Just had 7 hours of downtime. 4 hours yesterday

Pentium100 · September 11, 2020, 3:09pm

Sometimes the RAID controller can allow you to switch to HBA mode or, in some cases, set each drive up as a single-drive RAID0 “array” to make the drives visible to the OS. I do don’t know how well the second option would work when connected to a different controller though.

When I buy a server buy a HBA for the drives (if there is none built in) I usually use LSI SAS1068 for drives <=2TB and SAS2008 for big drives, preferably flashing then with IT firmware.

deathlessdd · September 11, 2020, 3:20pm

Thanks thats probably what I need for a backup.

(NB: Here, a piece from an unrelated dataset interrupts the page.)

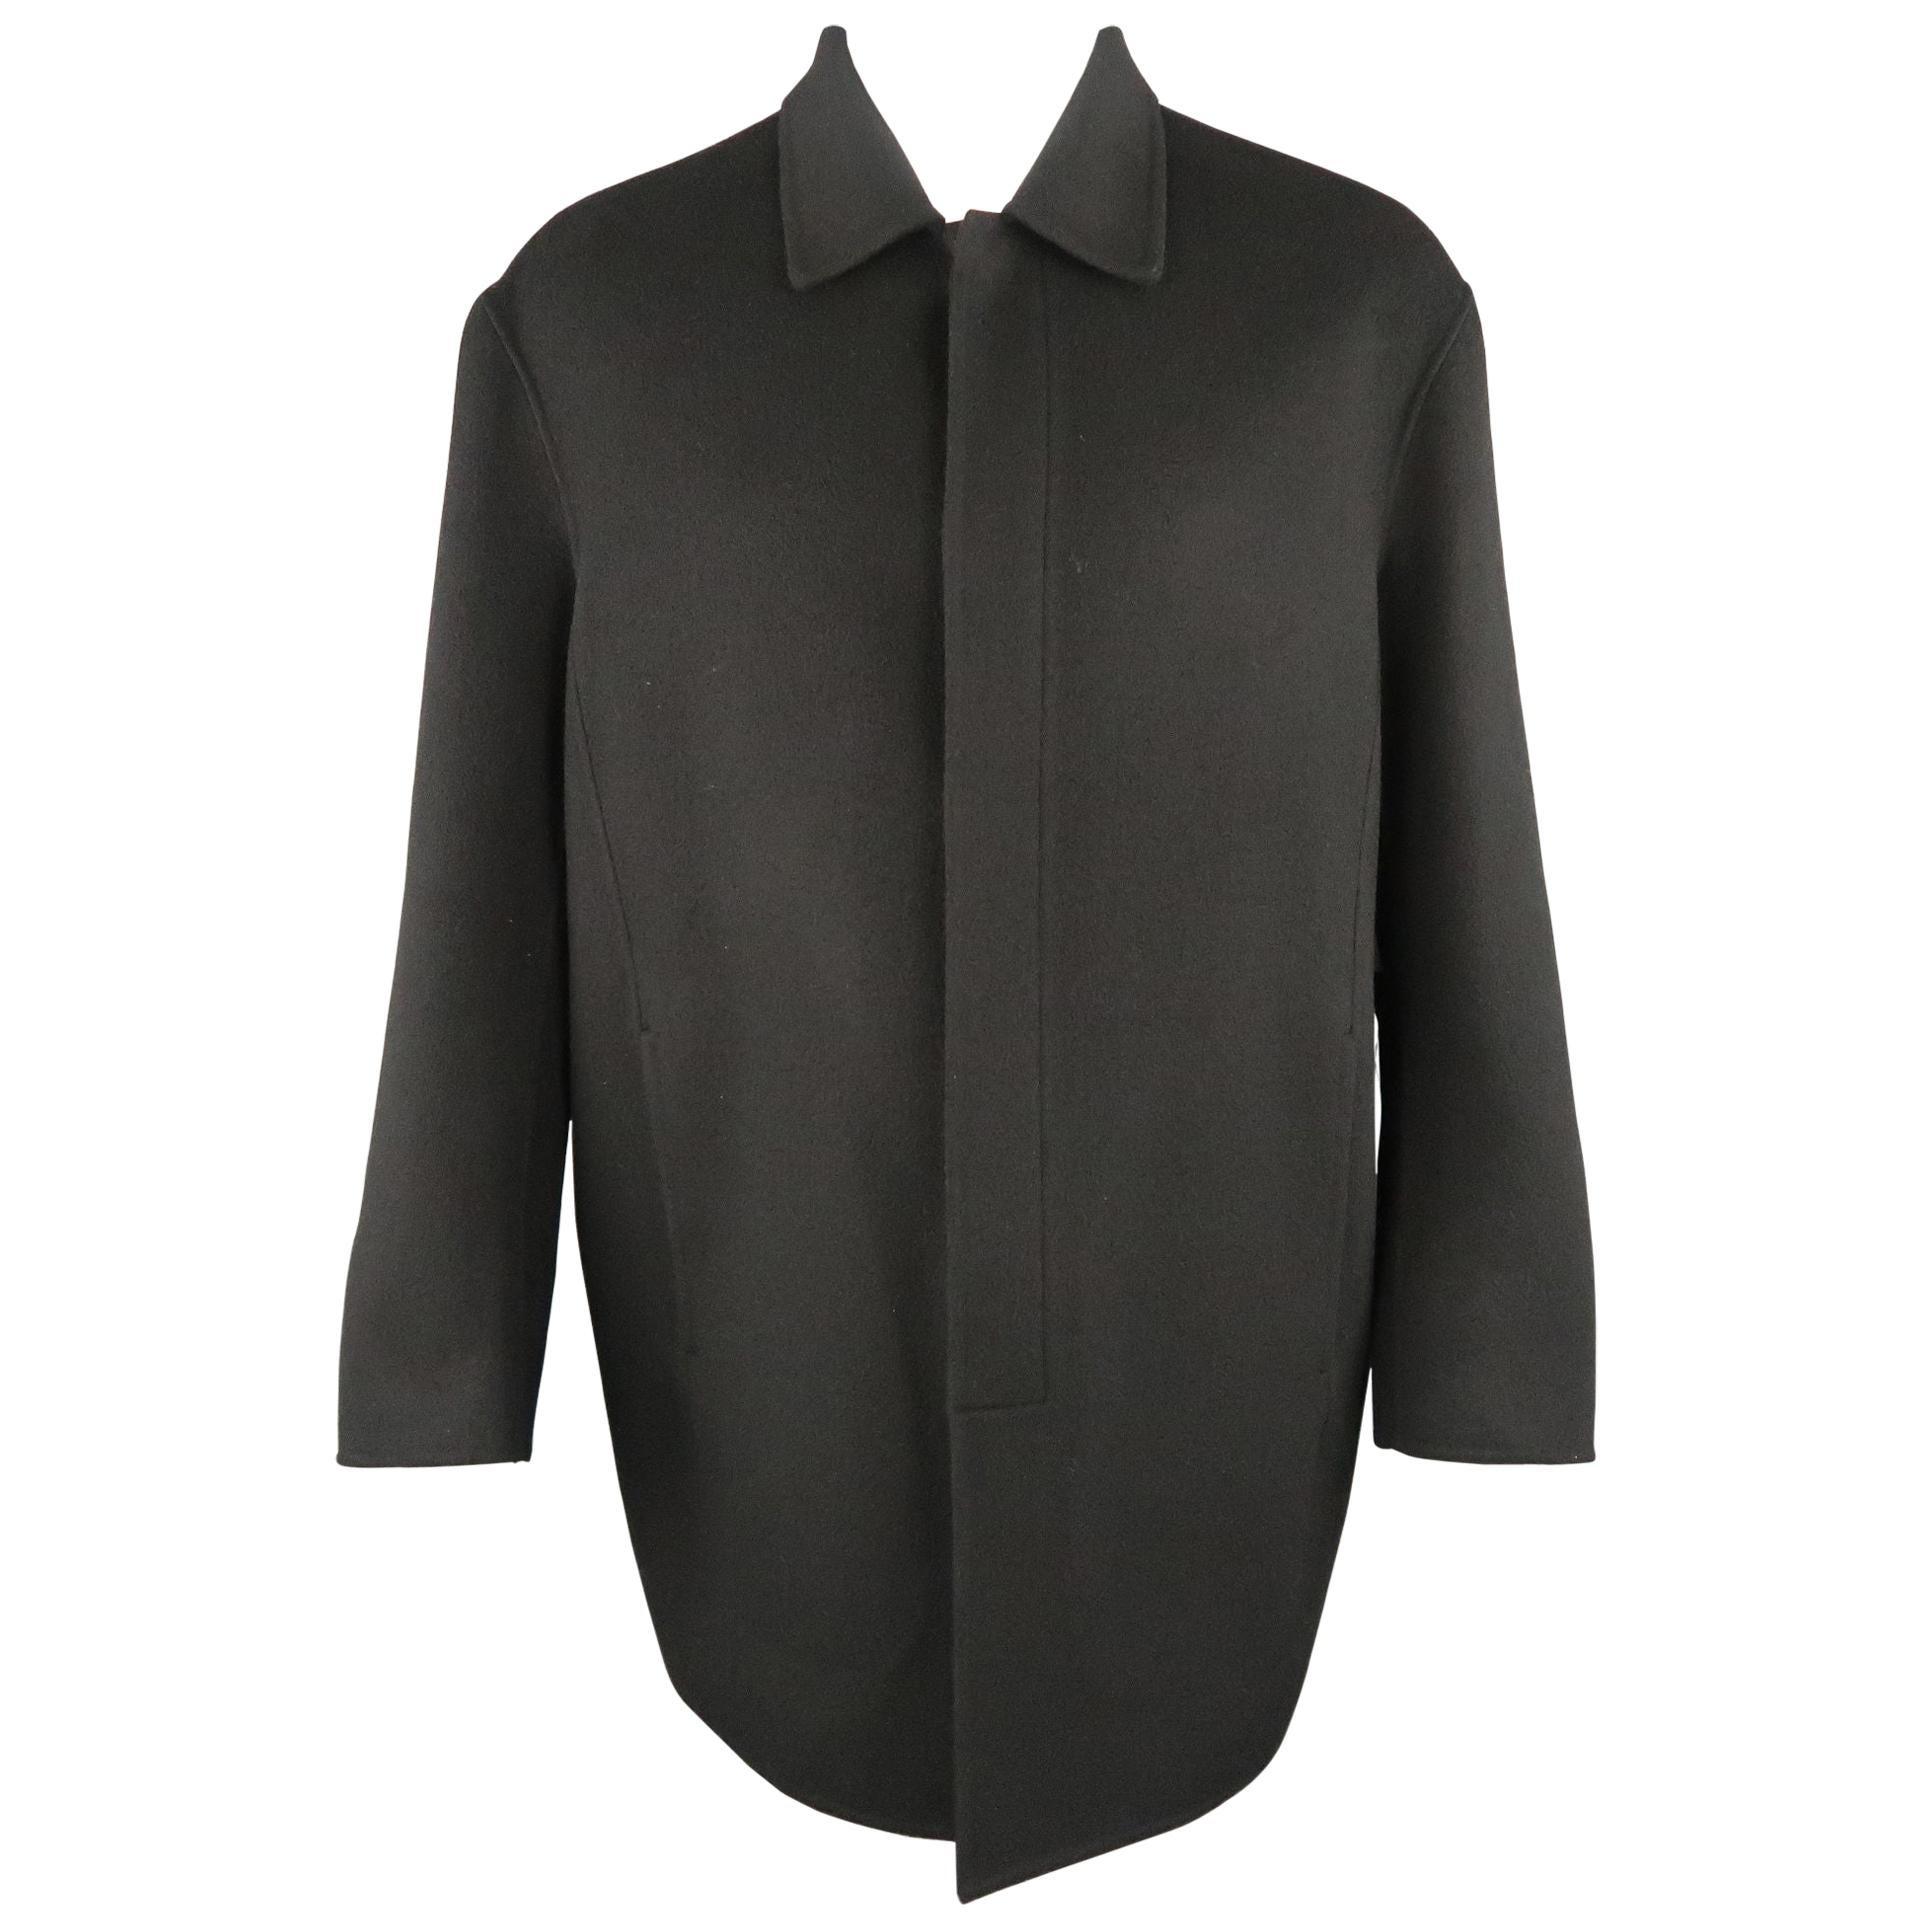 DONNA KARAN M Black Solid Wool / Nylon Hidden Placket Car Coat

But can you just plug and play if you have a config saved from the old hardware raid to load on the new.
Of all the hardware in my server the hardware raid card is what I worry most for. This is why I wouldnt wanna run a node on it.

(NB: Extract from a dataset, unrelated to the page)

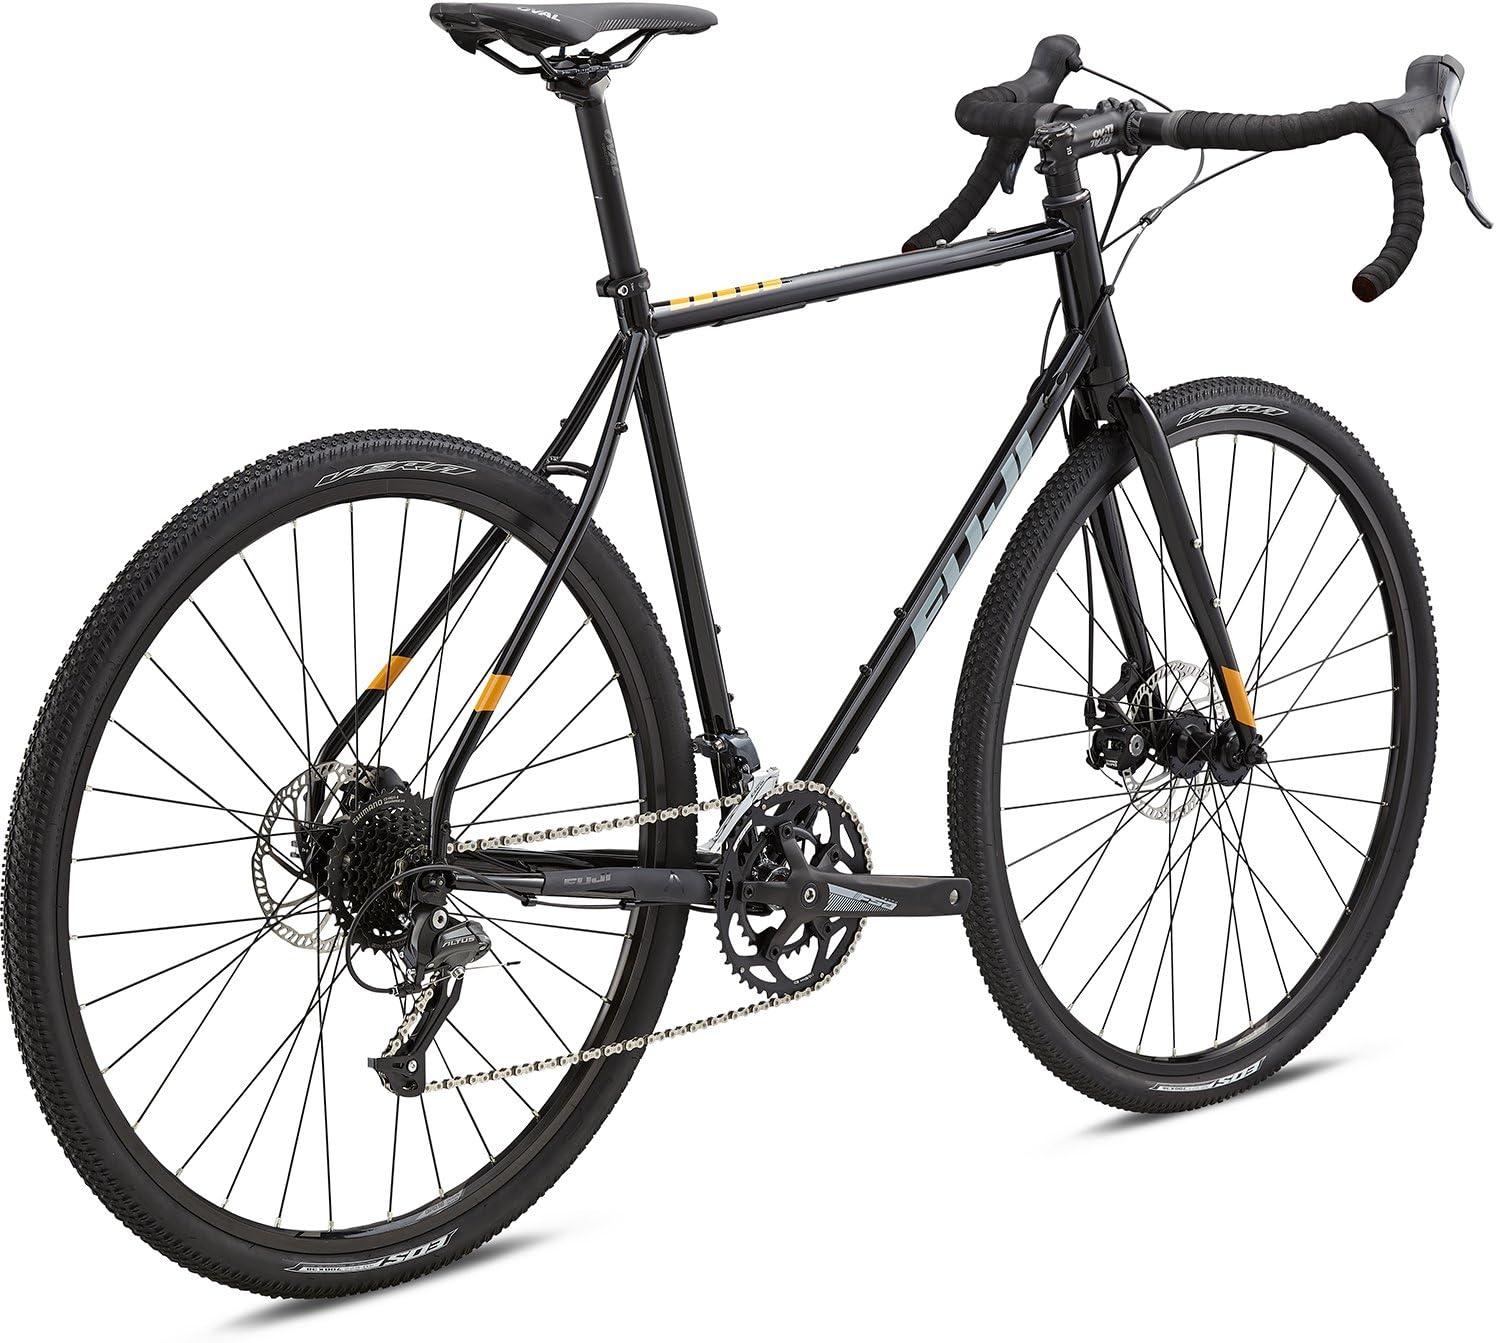 Bicicleta de carretera Gravel Bike Fuji Jari 2.5 2018 – 54 cm ...

node1 · September 11, 2020, 3:40pm

We are SNO’s, not the ambulance.
It is possible to set up monitoring system, that wakes you up with the alarm during the night, so you could go and work on problem instead of sleeping and going to the main work in the morning. The question is how much Storj should pay SNO’s for such a reaction speed as well do we really need that?

Most of us sleep longer then 5 hours as as well most of us have a main job in the morning. So if the problem starts late in the night, just after you went to sleep, the earliest time when you can start fixing is next day after main job. This means 8 hours of sleep + 8 hours of work = 16 hours downtime with no possibility to fix it. Of course some small things you can do in the morning befor main job, some things you can do over the SSH, but some case needs you to be physically be there and spend few hours. So in my opinion even 24h. of down time (before DQ) is not enough time for some situations.

But i somehow believe, that Storj team already know this very well, because it was discussed many times here before. As well we all know, that sometimes problems can be on ISP or etc. So i hope, that there will be a clever and realistic solution for downtime calculation, DQ and etc.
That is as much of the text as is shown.